In the real world, data is continuously generated, collected and calculated in real time

We need to do data calculation, mining product commercial value, the first problem to solve is the problem of data. In the real world, data is often generated continuously over time. For example, when users browse goods, a series of mouse clicks will generate a series of background data. Using mobile phone navigation while driving, GPS positioning is updated every once in a while, and log data is constantly generated. Users browse news feed, search for songs, surveillance cameras regularly collect pictures and upload them to cloud storage, live video and other scenarios, and the data generated behind them are all continuously generated. The continuous business data is collected in real time, forming the data flow.

As soon as streaming data is collected, it can be used for calculation immediately, and the results of calculation can be put into business application. This is real-time computing. Real-time data calculation in fact already entered every aspect of people’s life, such as weather forecasts, people used to the habit is every day to receive a weather forecast information, now you can live to see the weather forecast, the weather forecast for the same point in time will over time close to more and more accurate, this is monitoring the effect of changing data acquisition and real-time data calculation.

Tailored to interests, real-time computing allows products to understand users more and more

There are more and more sources of real-time data, and the amount of data is increasing exponentially every year. This is good for real-time computing itself, allowing for more application scenarios, better application effects, and possibly leading to some revolutionary changes. So what else can big data real-time computing do?

During activities such as Kaola Online Shopping Double 11 and 618 Online Shopping Festival, there will be a netease Multi-screen to display the latest total sales amount, the sales proportion of each commodity category, order growth trend, geographical location of active users, etc., with various dimensions of information constantly dancing on one screen. The impact of each user’s order is updated on the big screen in real time. This kind of visual real-time application effect, in addition to adding an e-commerce carnival atmosphere, is easier to find the value of data, guide market operation, assist business decisions.



Financial risk control is another typical real-time computing application scenario. For financial business that risk sensitive business, can only put the data visualization is not enough, it needs to flow calculation system can use a few risk model matching rules, to the magnitude of the user behavior data, real-time analysis of abnormal events, judgment, risk level, and make the corresponding risk control measures, automation to make alarm notice, change the business process. The benefits of financial risk control through real-time computing are faster, more accurate and wider. Many other event-driven computing scenarios, such as risk control, can be solved by real-time computing.
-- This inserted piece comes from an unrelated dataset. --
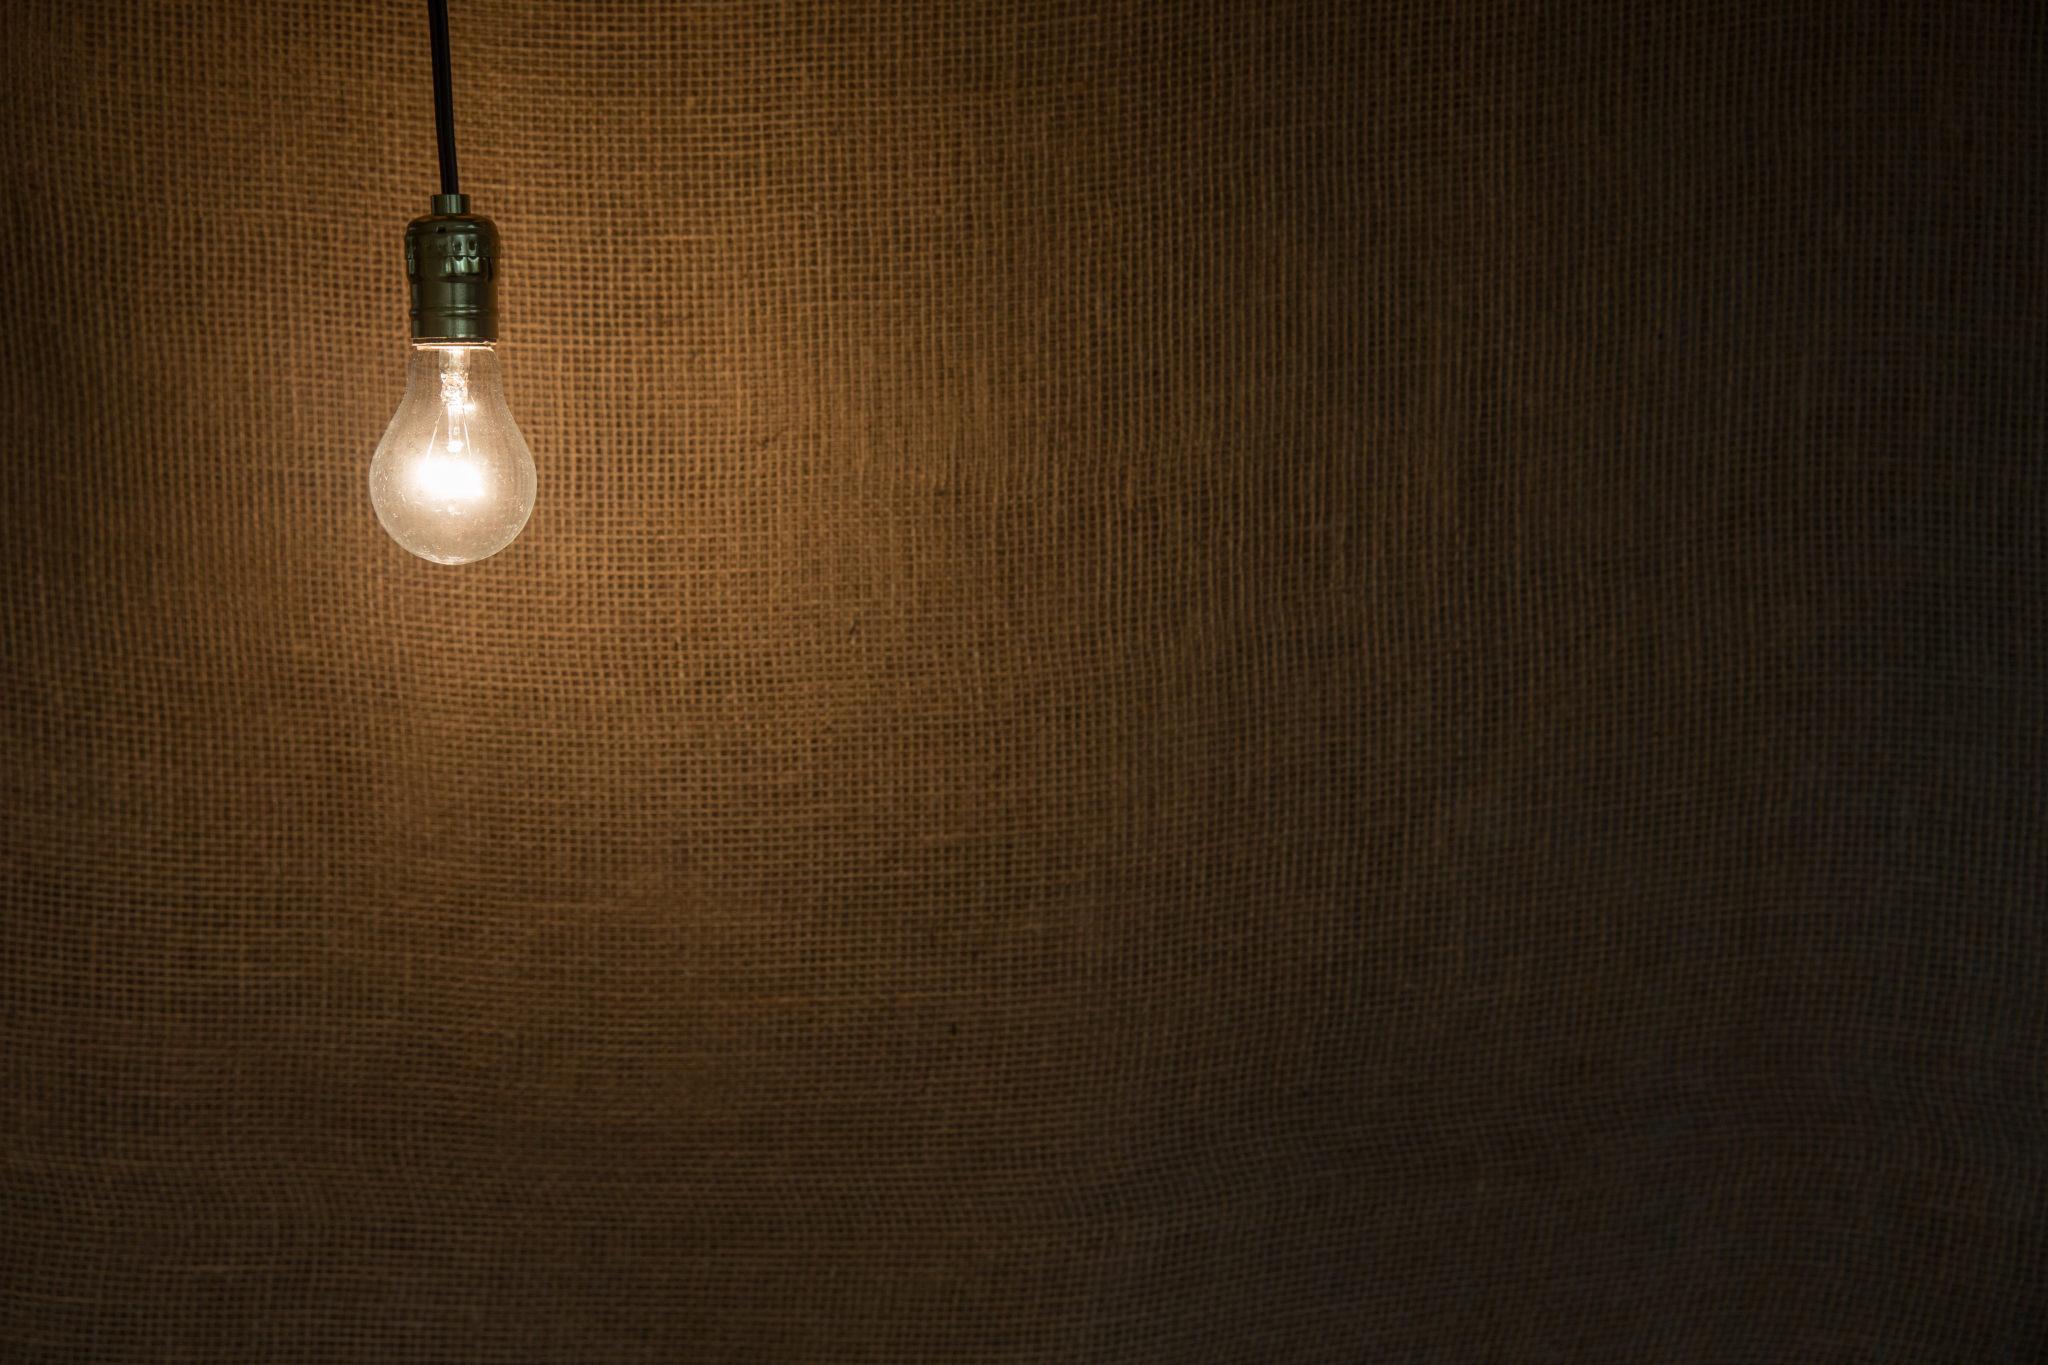 Dark room with light bulb - Light Bulb In Dark Room

The use of real-time computing in the field of recommendations is also well advanced. Whether it is news recommendation, music recommendation or book recommendation, basically thousands of people have received the push content is customized according to personal interests and preferences. And the user’s interest preference, often through real-time data calculation is constantly updated. Take news push as an example, when users click one push message, the product behind it actually makes real-time analysis of users’ behaviors, updates users’ interest preferences in real time, constantly finds out users’ new interest points, gets to know users better and better, and finally pushes them more interested content. Take music recommendation as an example. If a user collects several sad songs in a certain period of time, the system can identify this information through real-time data analysis, and at the same time push some targeted songs to comfort the user. This scenario can only be solved by real-time computing, and it can best reflect the value of real-time computing.

More and more real-time computing scenarios will be developed, and the sense that “everything is in flux” will grow in the future.
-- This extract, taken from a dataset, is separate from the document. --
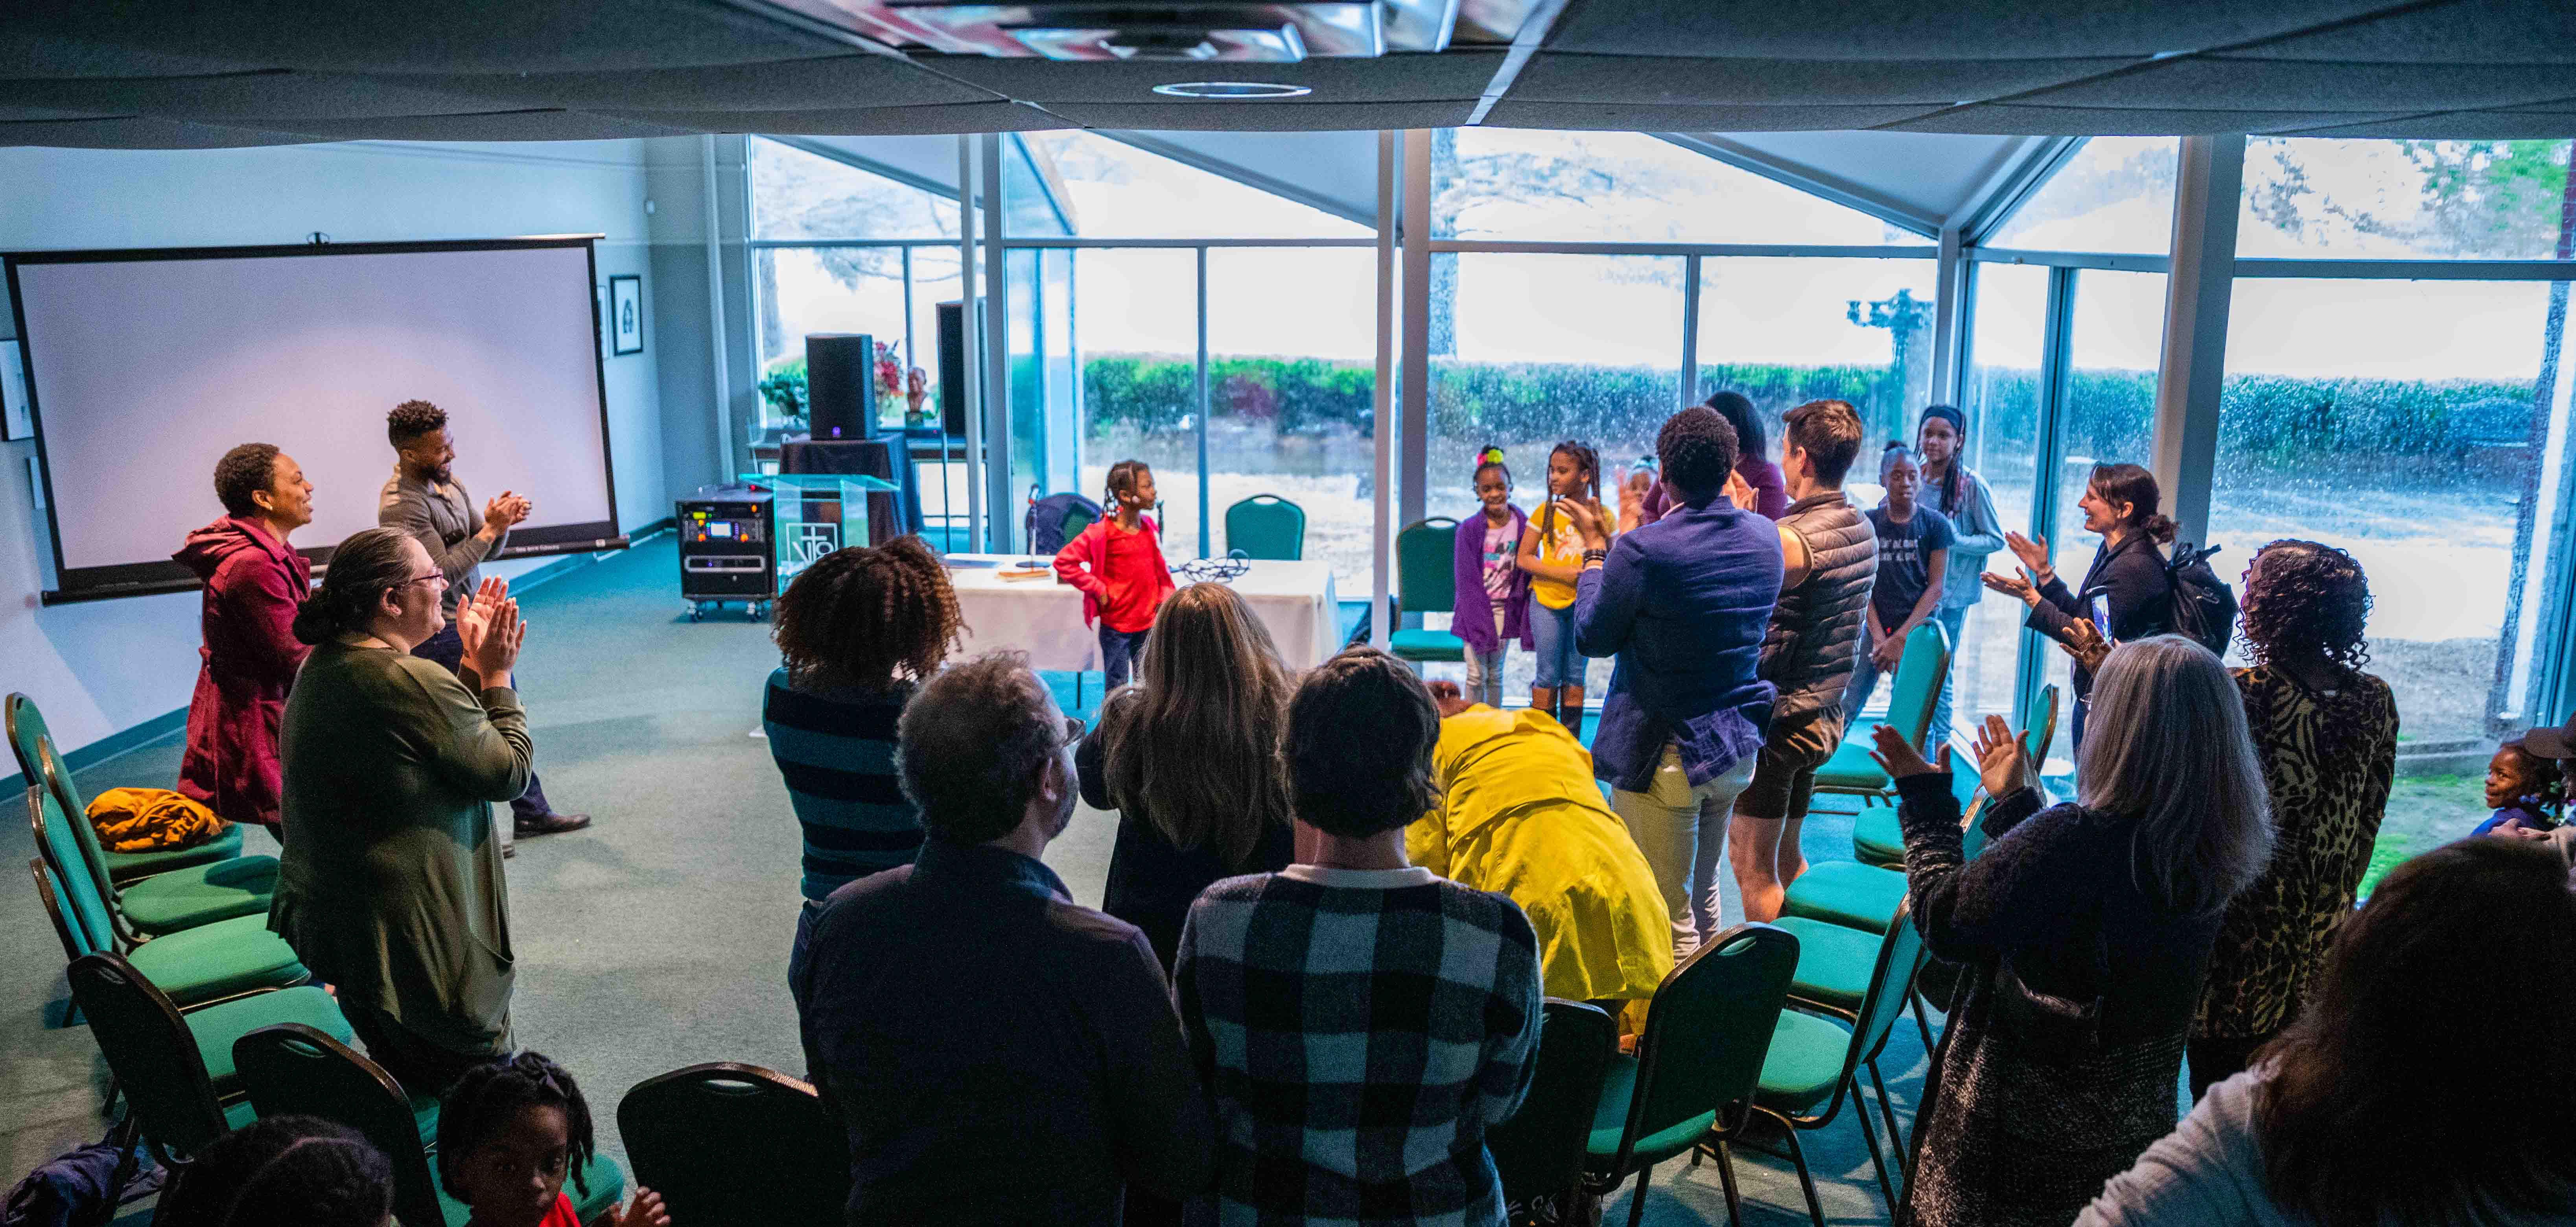 A girl gives a presentation at Greenwood Cultural Center in Tulsa, Oklahoma.

From “save before calculating” to “save while calculating”, real-time computing is no longer afraid of “big” data

Real-time computing is so good, what should be done at the implementation level, and what are the difficulties and challenges that must be addressed?
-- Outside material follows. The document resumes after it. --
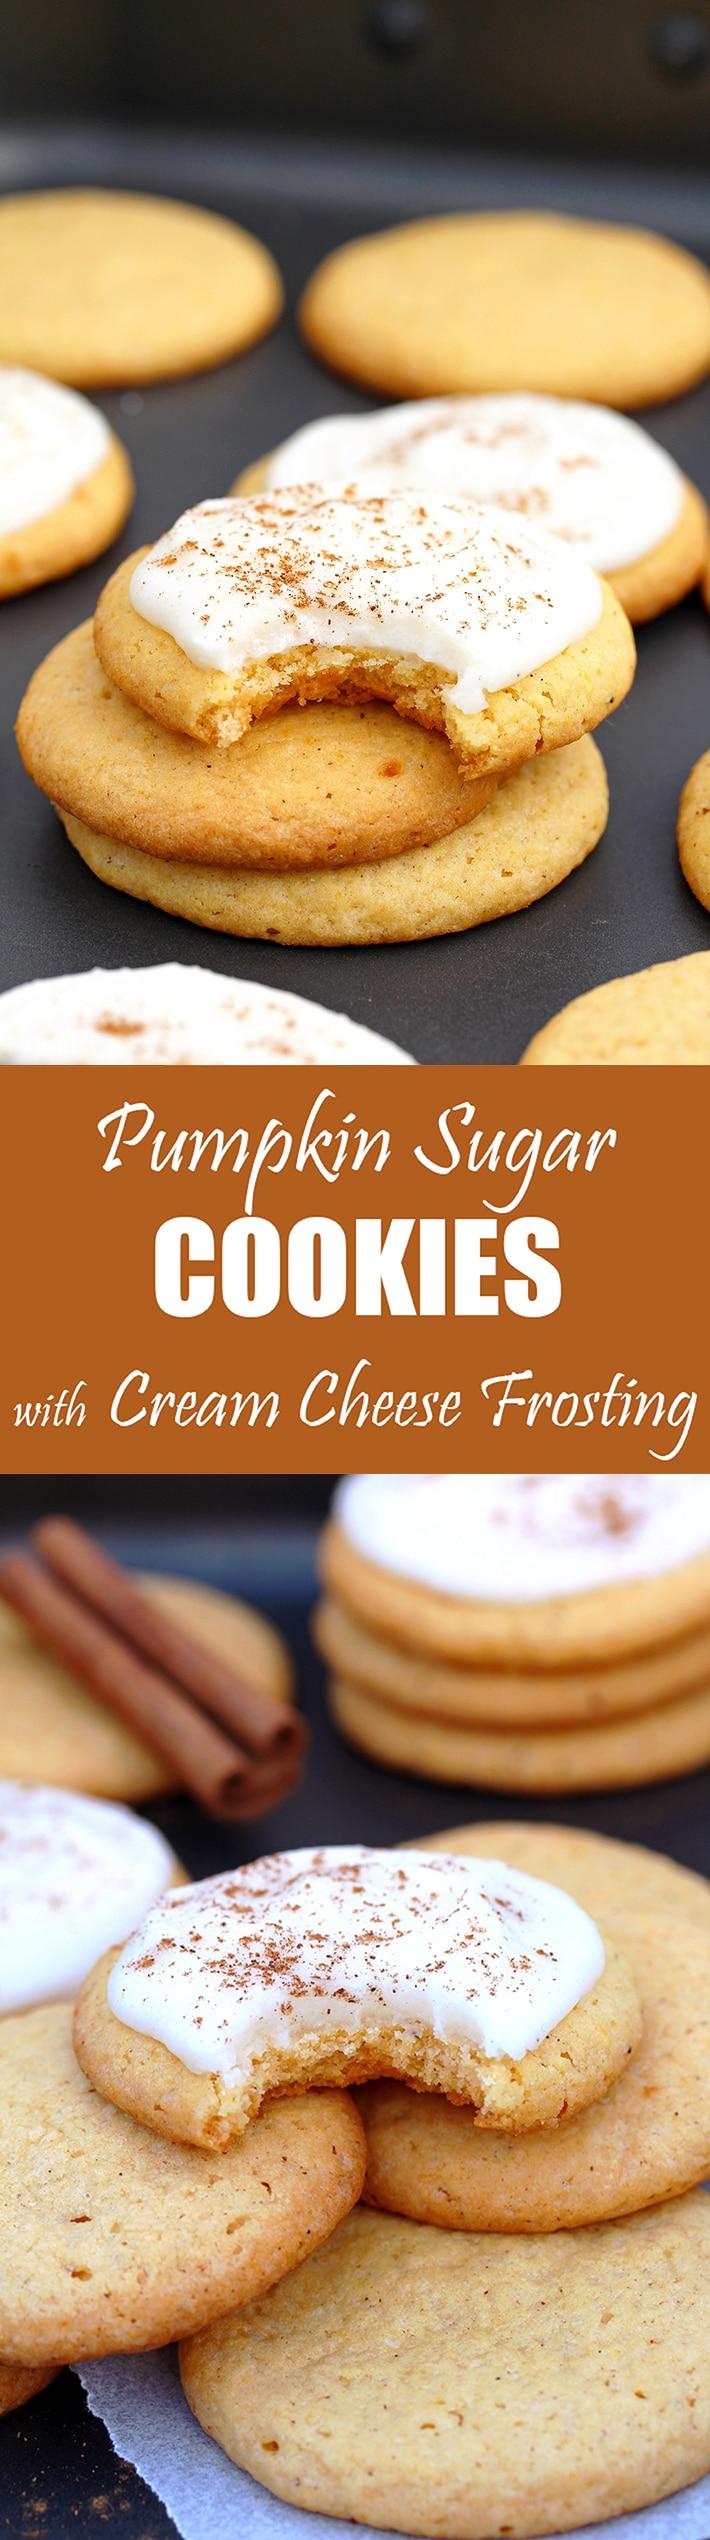 Pumpkin Sugar Cookies with Cream Cheese Frosting  – these crunchy sugar cookies with pumpkin and cream cheese frosting are perfect for fall and upcoming holidays

First of all, from the overall architecture, data computing, there are no more than three things: data input → calculation → data output. The traditional computing model, taking the database as an example, first stores data in a data table, users execute query statements to trigger the calculation of the database, and finally the database completes the calculation and outputs the results. This “save first, calculate later” model does not work in the real-time computing scenario of big data. The amount of data we need to calculate is huge. The source data for a single calculation could be a single day’s worth of data, or hundreds of billions of records. If every time some new data is added, all the data are recalculated, which is very expensive, the final effect will be very “slow”, not real-time effect. Reasonable approach is to “count while remaining”, meaning the data into the real-time computing systems, does not necessarily need to be stored, can be directly involved in the calculation, and the calculation here is new in the current data on the calculation result of the historical data before doing “incremental calculation”, not to repeat the same data involved in calculation, calculation is done, and keep the calculation results, For business use, the data store is much less stressful. At the same time, “big” means high data concurrency, and tens of millions of new data may need to be calculated every second. Such calculation is not sustainable for a single machine. Therefore, real-time computing of big data should solve a series of technical problems under the distributed system architecture.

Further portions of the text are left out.